> REQUIRED WORK
Starting at the line that contains "La main des", write out every line through the end of the records exactly as it stands, and leave out all pictures.

> SUPPLIED RECORDS
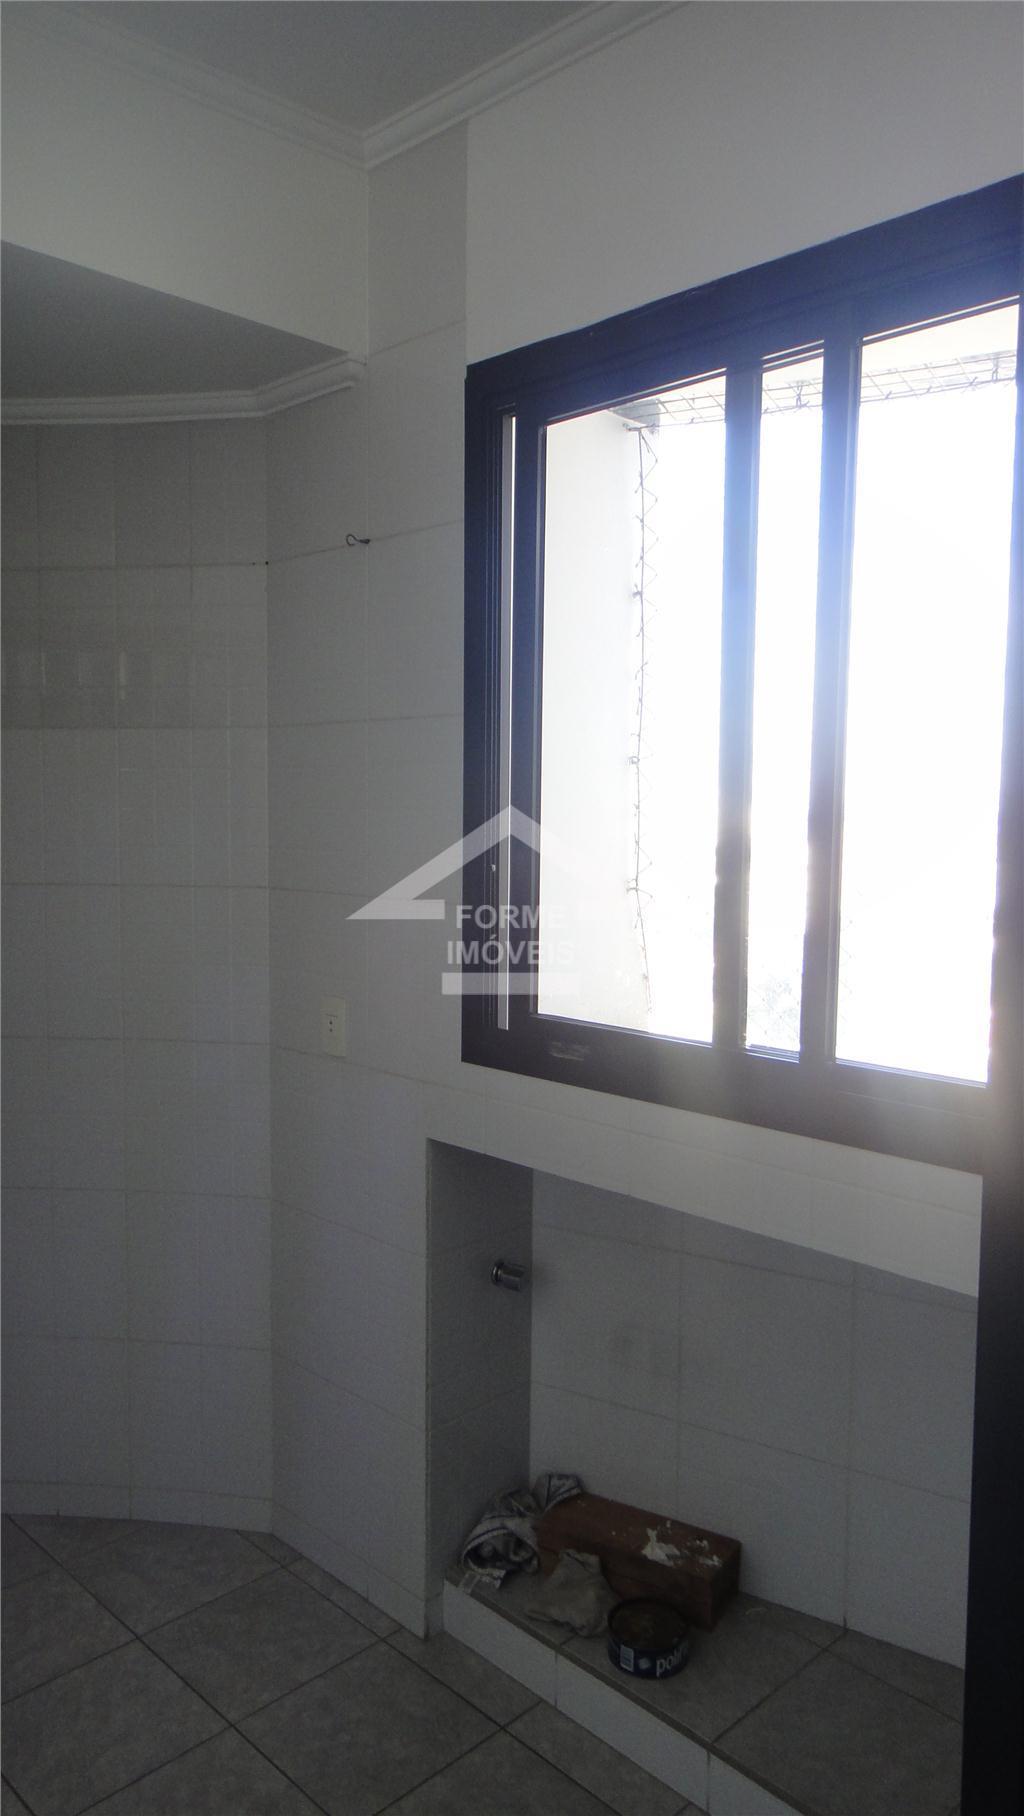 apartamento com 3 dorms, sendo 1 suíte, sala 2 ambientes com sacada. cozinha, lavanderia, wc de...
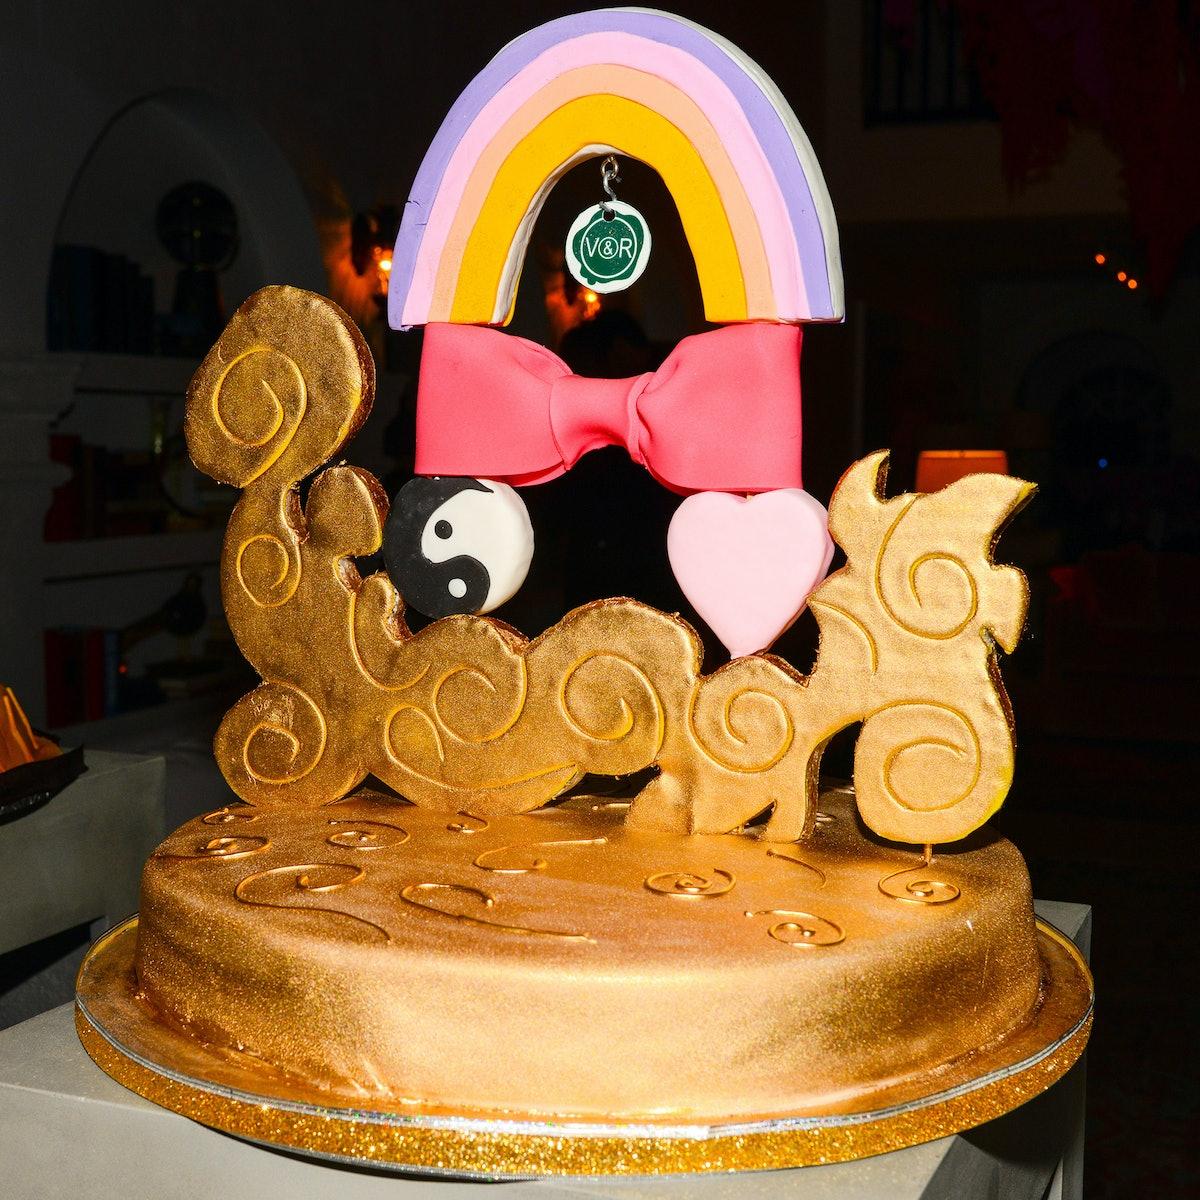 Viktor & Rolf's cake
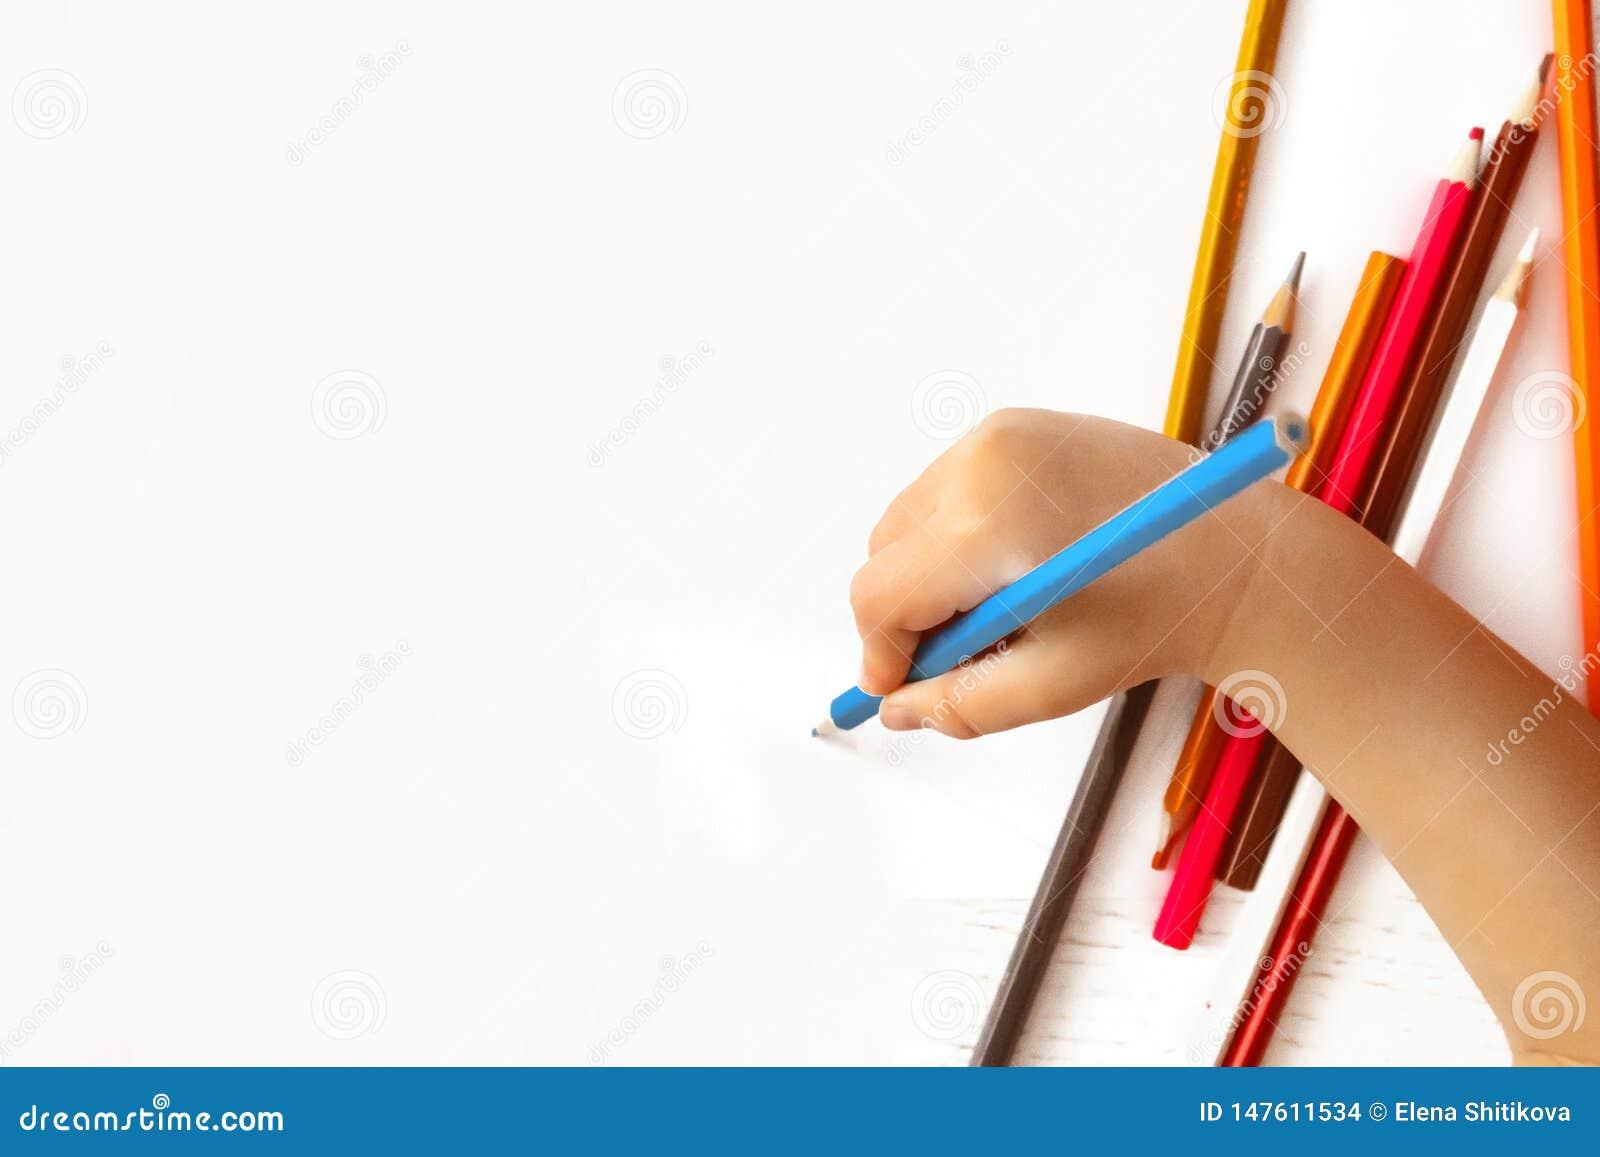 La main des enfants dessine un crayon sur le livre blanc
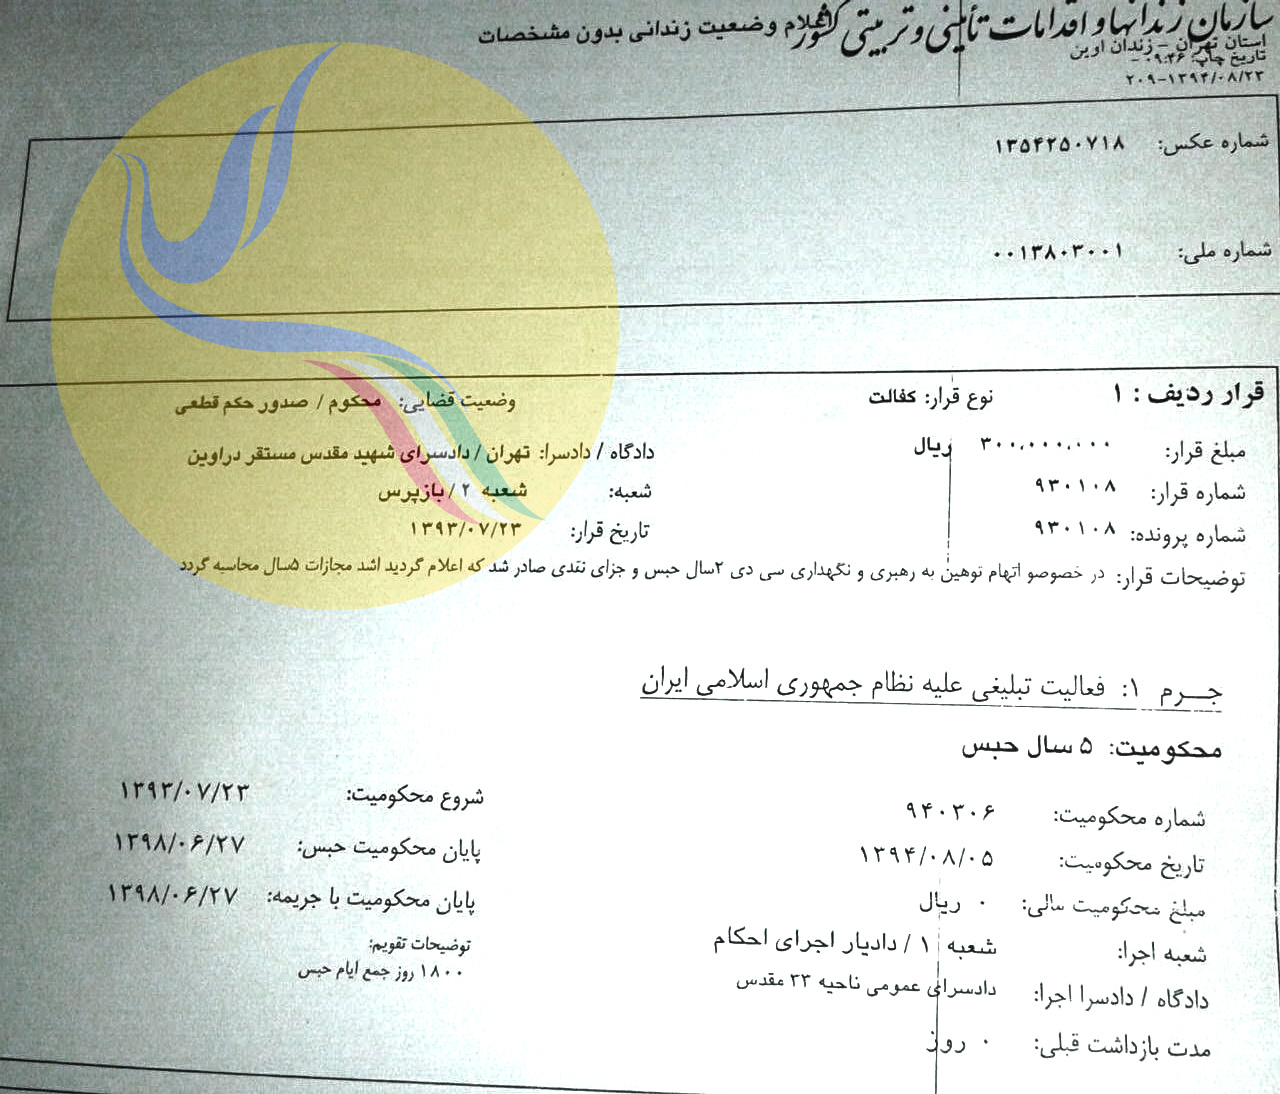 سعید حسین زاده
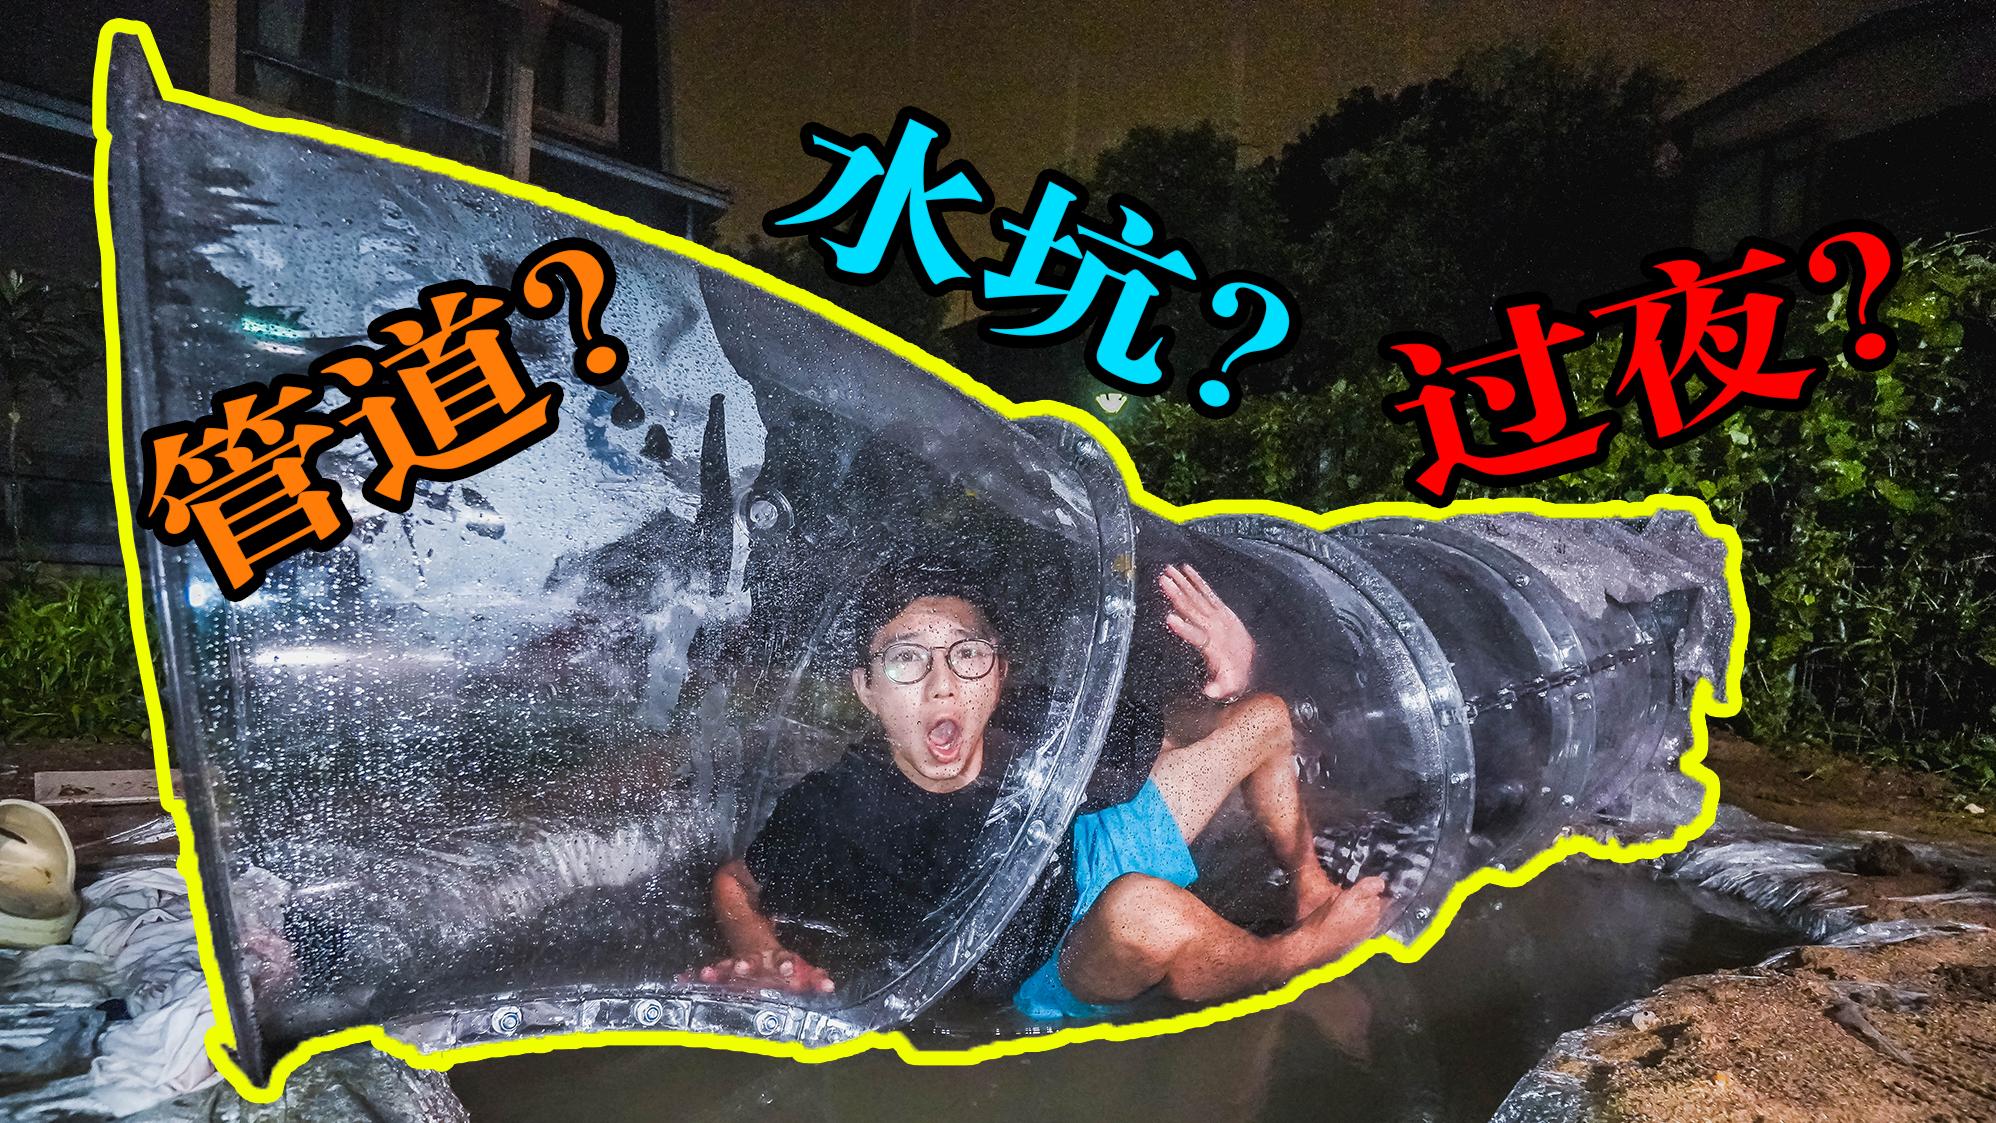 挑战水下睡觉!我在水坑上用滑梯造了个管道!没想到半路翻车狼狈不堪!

> TASK RESPONSE
 La main des enfants dessine un crayon sur le livre blanc
 سعید حسین زاده
 挑战水下睡觉!我在水坑上用滑梯造了个管道!没想到半路翻车狼狈不堪!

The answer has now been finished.